Conventional corporate financial data has historically provided investors with insights on past performance and prospects for the future. In the old days, such data was useful to investors particularly when business growth was relatively steady. Accounting statements showed the momentum of growth and to some extent foreshadowed future trends. However, in the modern era markets are more dynamic. The development of new technologies such as artificial intelligence and the advent of pandemics means business environments are full of uncertainty. Investors have begun to doubt whether records of past activities are an adequate guide to the future.



Alternative data for turbulent times

Fortunately, alternative data is emerging to give investors a fuller picture of corporate performance. These go beyond corporate filings, earnings releases, and fundamental datasets.
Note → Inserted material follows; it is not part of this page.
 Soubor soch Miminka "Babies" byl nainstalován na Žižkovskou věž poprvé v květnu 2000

They include various sources of non‐financial data, which provide timely new signals to investors in understanding corporate performance. Such sources may include, web scraped data, geolocation data from mobile phones, and even weather forecasts1. In times of turbulence, alternative data are more useful than conventional financial data.
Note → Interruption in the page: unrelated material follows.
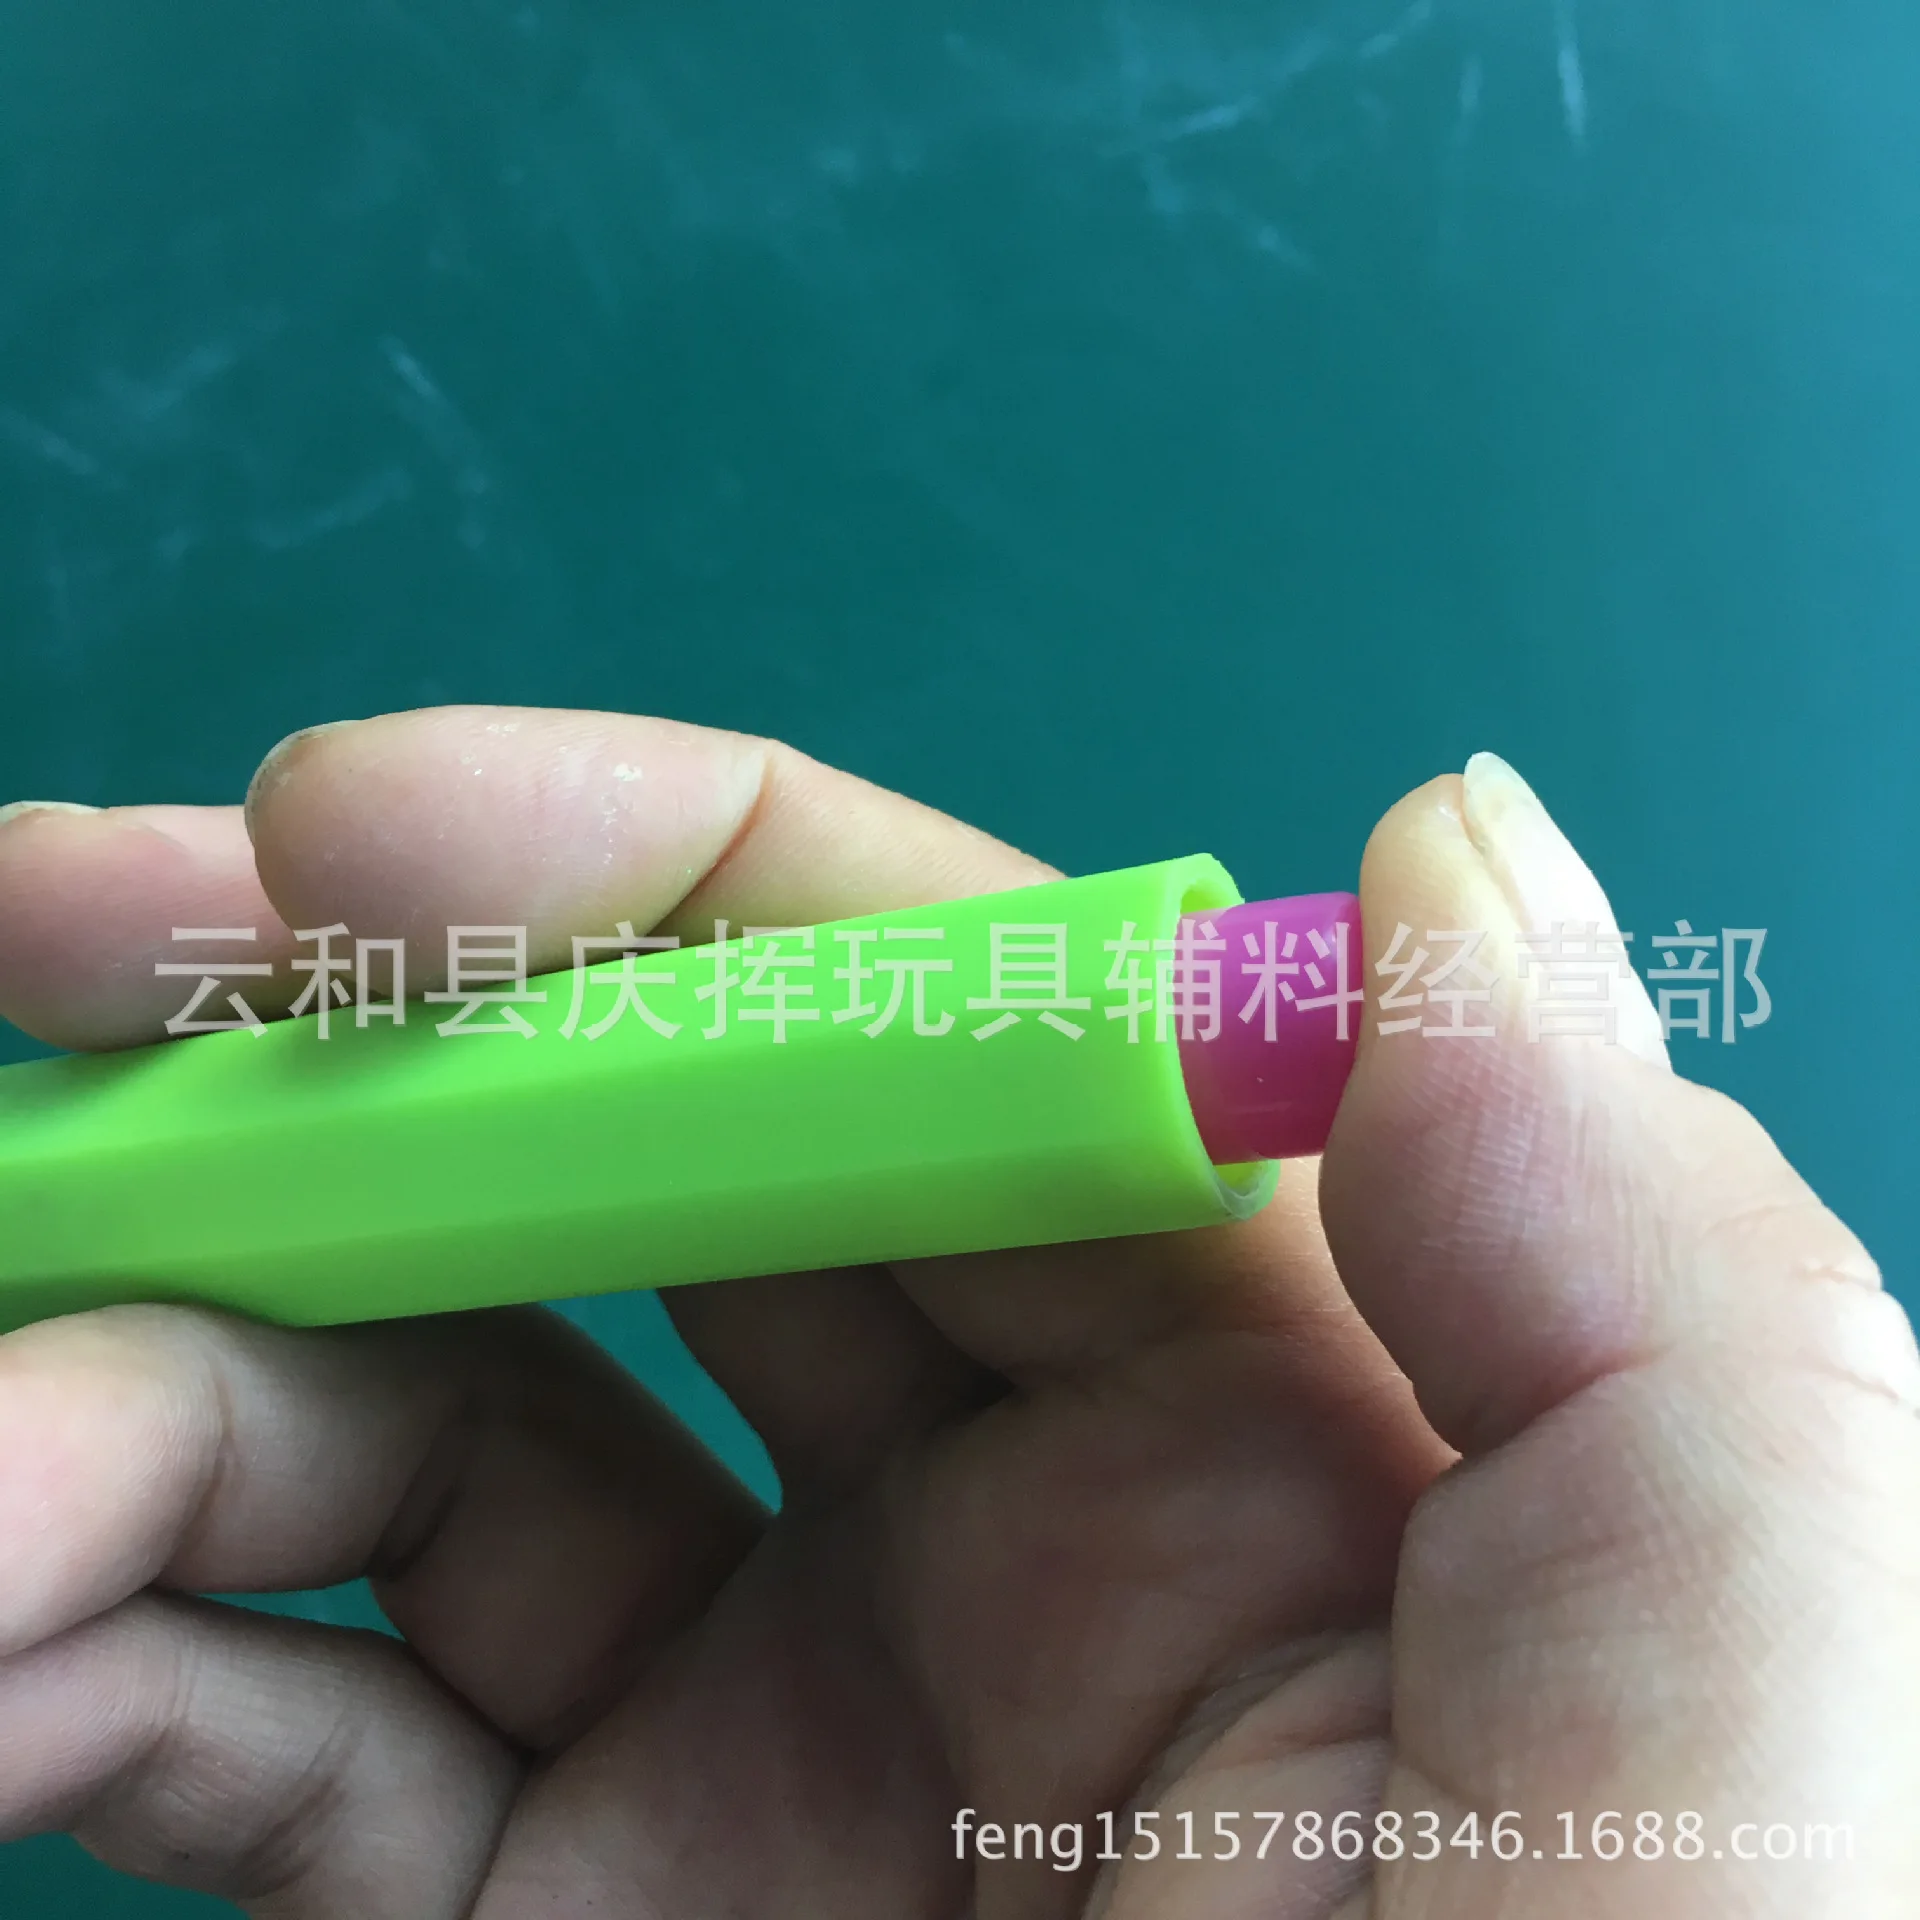 5 цвет пластиковый держатель для мела не грязный Мел для рук комплект окружающей среды детская игровая доска для рисования аксессуары

From dot-com to data analytics

In the late 1990s investors were crazy for internet stocks. Companies recruited many IT people and established websites with the hope of jumping onto the dot‐com bandwagon. If investors simply relied on conventional financial data, it was hard to distinguish peaches from lemons among the numerous dot‐com companies because stock markets were irrational and financial statements could not predict future trends. The failure to evaluate dotcom companies properly led to subsequent dot‐com bubbles. The burst of dot‐com bubbles made people think more carefully about whether we needed alternative data. Complementary to conventional financial data such as quarterly sales, number of offline stores, and number of employees, alternative data such as web visits, number of unique visitors, length of stay on e‐commerce websites, click‐through rate of online advertisements, etc. were seen as increasingly useful to evaluate firm performance2. With the emergence of data analytics, such kinds of data became easily accessible on web servers, and business intelligence tools made data analysis much easier and faster.



Variety, volume, velocity

Big data are released not just by firms, but come from various sources such as third‐party e‐commerce websites, suppliers, social media, and across the Internet of Things. Such data is characterised by the 3Vs of variety, volume, and velocity, and these days are abundant. The critical question is how and what data are useful for investors to evaluate corporate performance?



Exploiting search data

As a part of FinTech research, one research objective is to identify such alternative data and demonstrate their business value. We were among the first to explore alternative data to understand investors' stock preferences3. The intuition came from the fact that people search before they transact. Search volume may reflect investors' intention to a stock4. By analysing co‐search data from infomediaries such as Yahoo! Finance, it was possible to identify investors' collective preferences. The granularity of the co‐search data was more precise than traditional transactional data from brokerage firms. And its timeliness provided infomediaries and brokerage firms opportunities to give suitable recommendations to investors based on their past search preferences.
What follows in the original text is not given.